Input data:
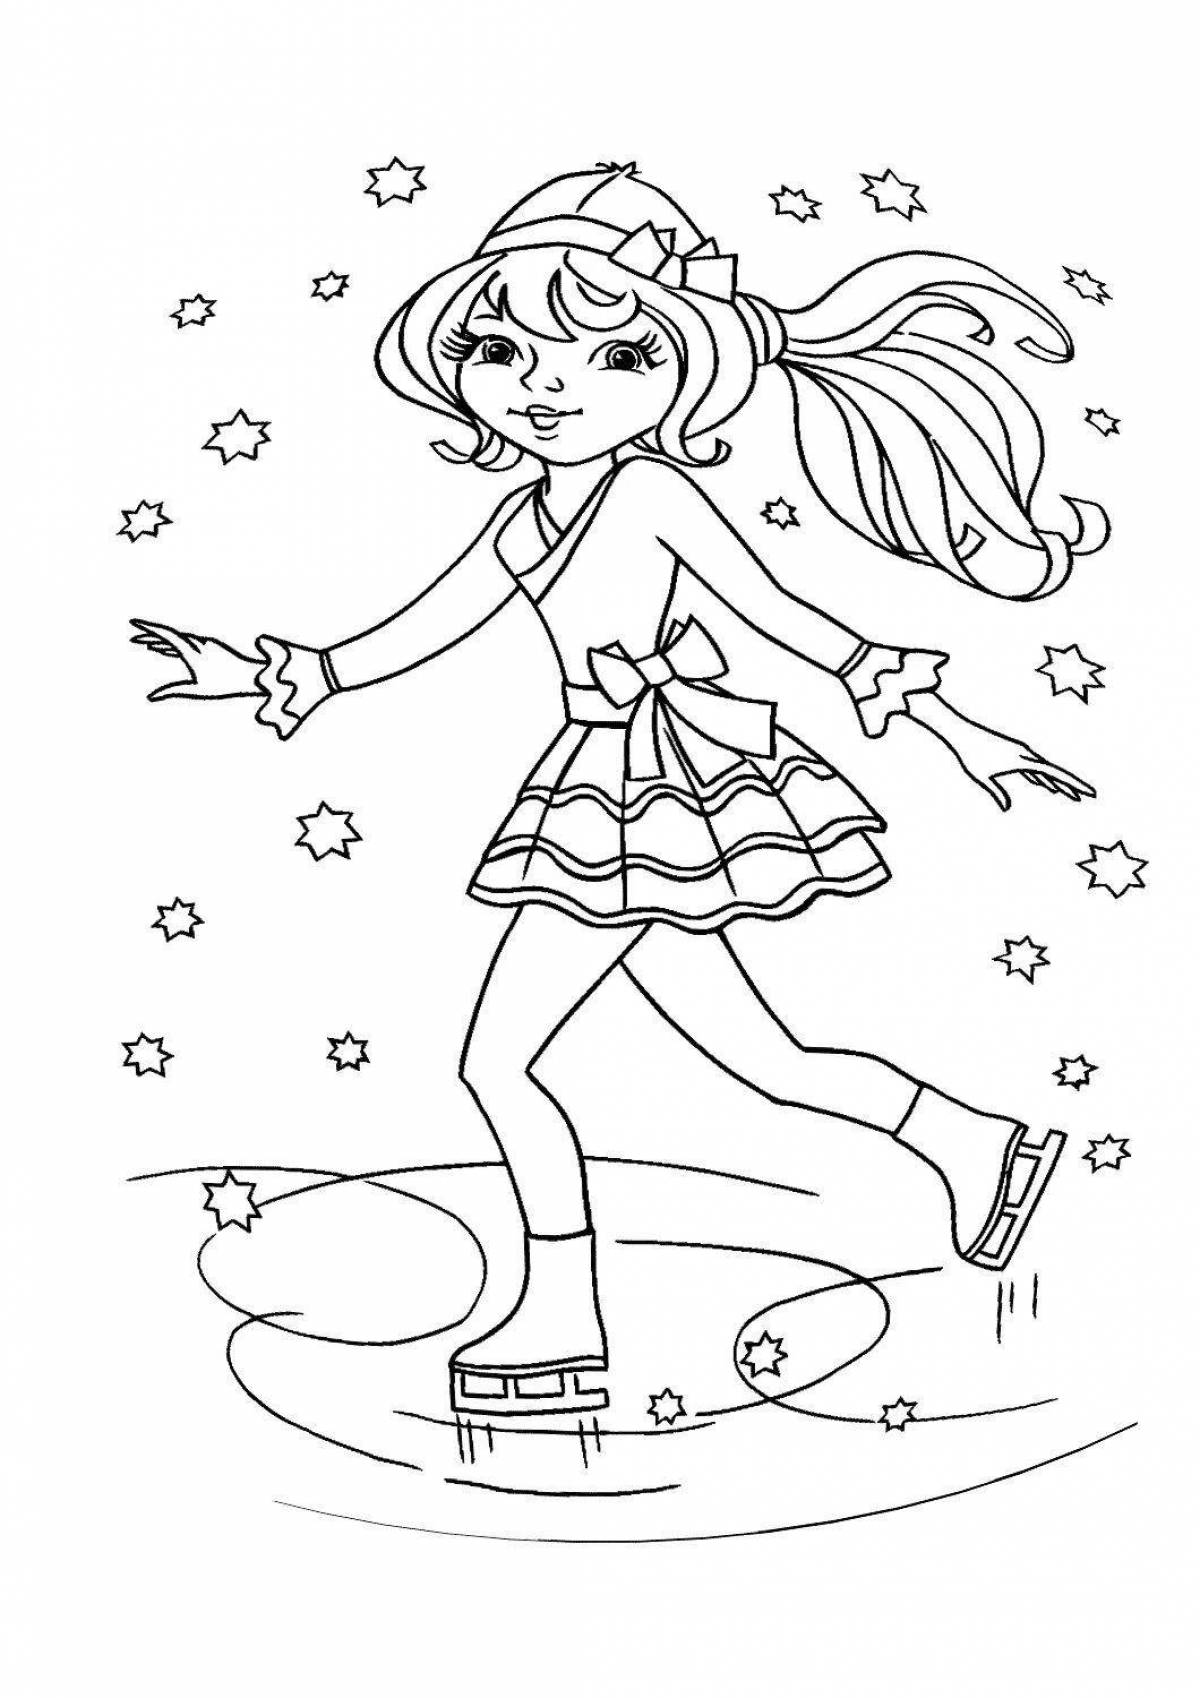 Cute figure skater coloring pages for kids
==
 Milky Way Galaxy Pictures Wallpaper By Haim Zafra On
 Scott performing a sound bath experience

Work to complete: Send back an exact copy of only the lines from the line with "Milky Way Galaxy" up to and including the line with "Scott performing a sound bath experience" in the data above.

Response to the task:
 Milky Way Galaxy Pictures Wallpaper By Haim Zafra On
 Scott performing a sound bath experience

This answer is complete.